The experience of Bant and his daughter got unprecedented media attention, converting him into a Dalit icon, says Nirupama. “The Jatt boys got punished. Raping a Dalit girl is seen a coming-of-age act for Jatt boys in Punjab’s Malwa. They later resolve the matter by paying off the victim’s family a meagre Rs 2,000-5,000,” she says, adding that the extent to which landless Dalits economically depend on Jatts for survival is such that they have no option but to keep quiet. “But here was a man who fought back.”

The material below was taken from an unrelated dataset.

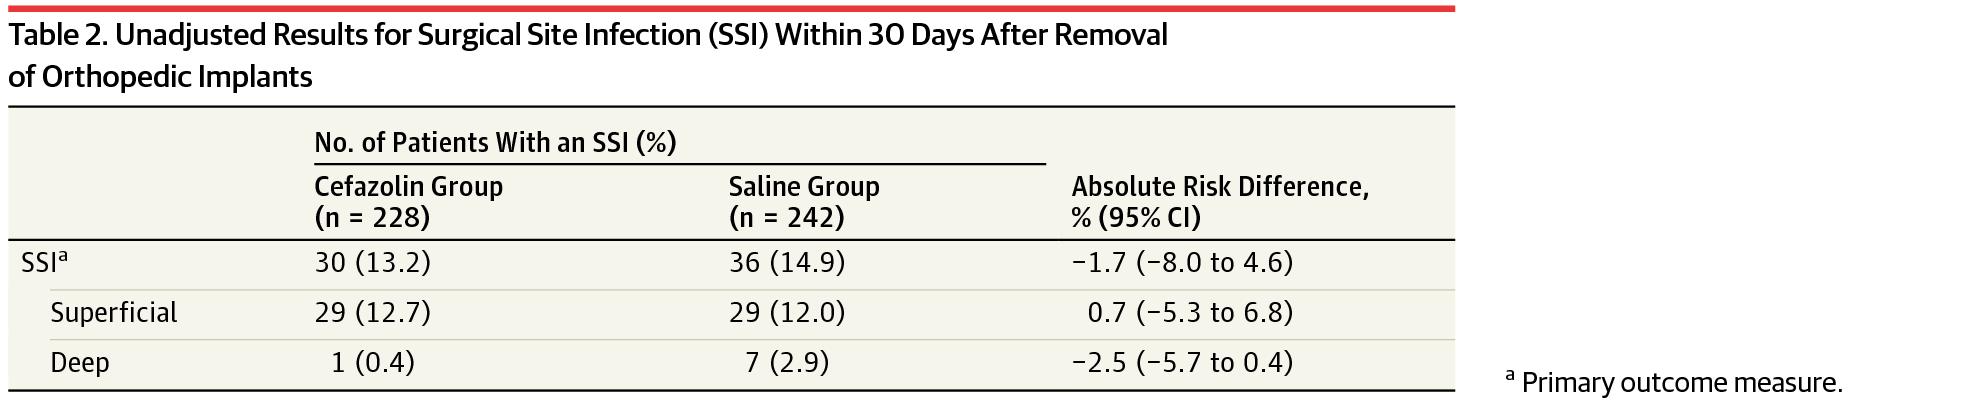 [JAMA最新论文]:预防性抗生素对去除用于治疗足、踝及小腿骨科的骨科植入物后手术部位感染的影响
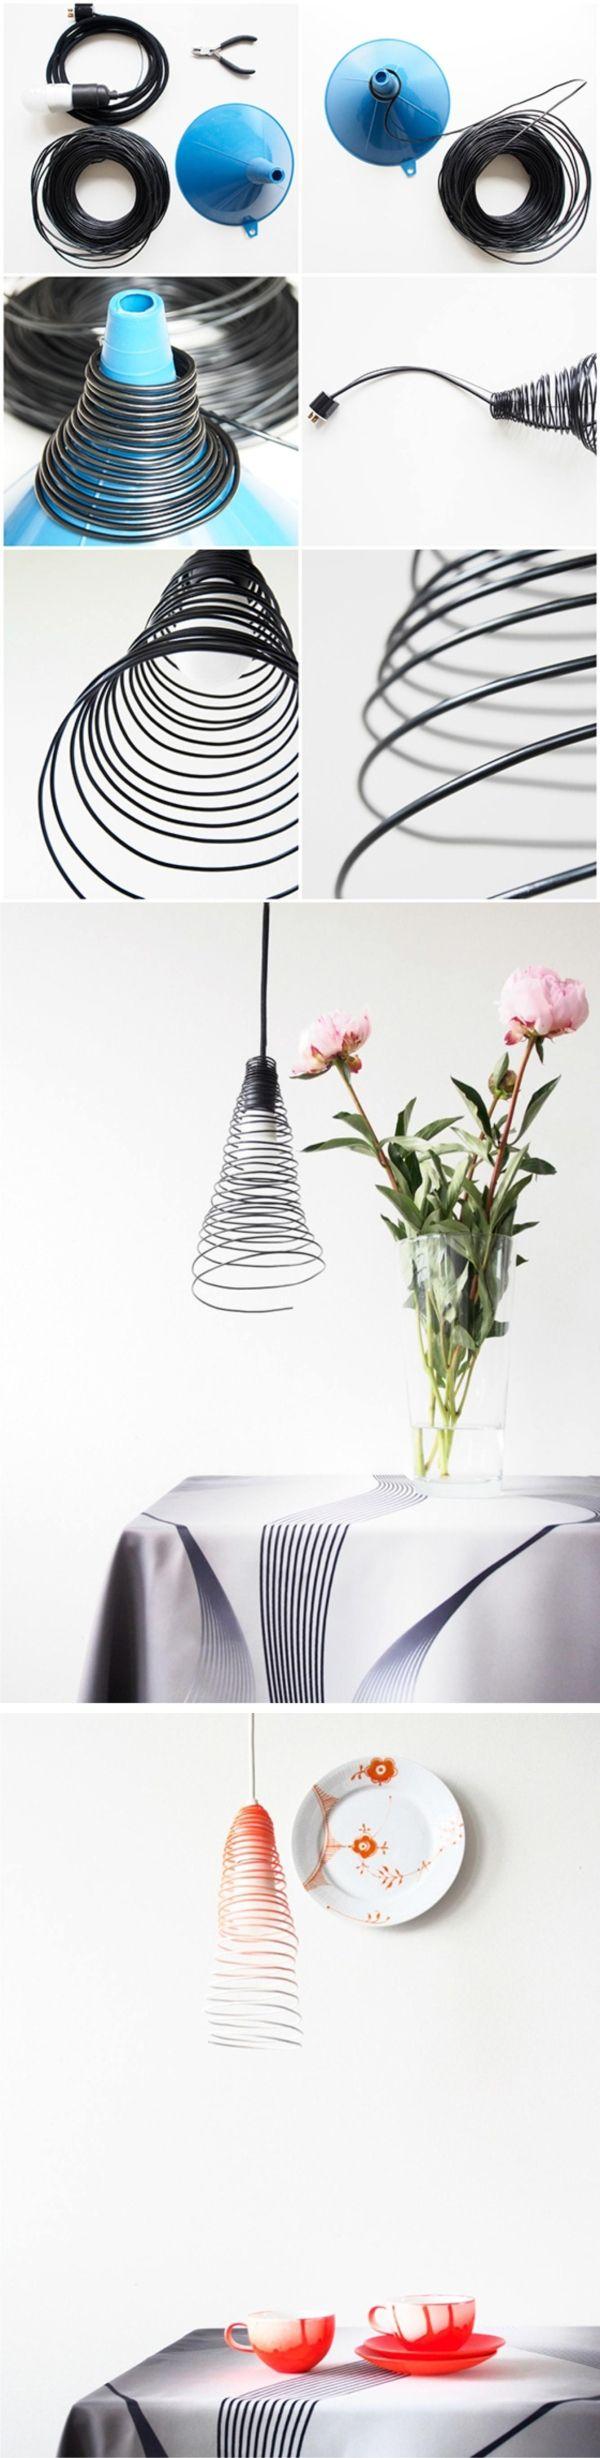 Lampara con alambre recubierto | Muy Ingenioso by arioco

Describing Bant as a leading living Dalit icon, Nirupama says, “He is facing financial hardships as promises made by previous governments—a five acre plot, and a government job for one of his children—never materialised.” Talking about Bant’s disenchantment with left parties, she says, “There too, the leadership comprises Jatts. Of course, they stood by him during his hospitalisation. But he was also often snubbed after his public speeches.” On Bant’s association with AAP, says Nirupama, “When former editor, Kanwar Sandhu contested election as AAP candidate from Kharar constituency, the party needed a Dalit face. But during the last election, the party’s Mansa candidate didn’t even allow Bant Singh at his rallies.” That’s how difficult changing grassroots realities are.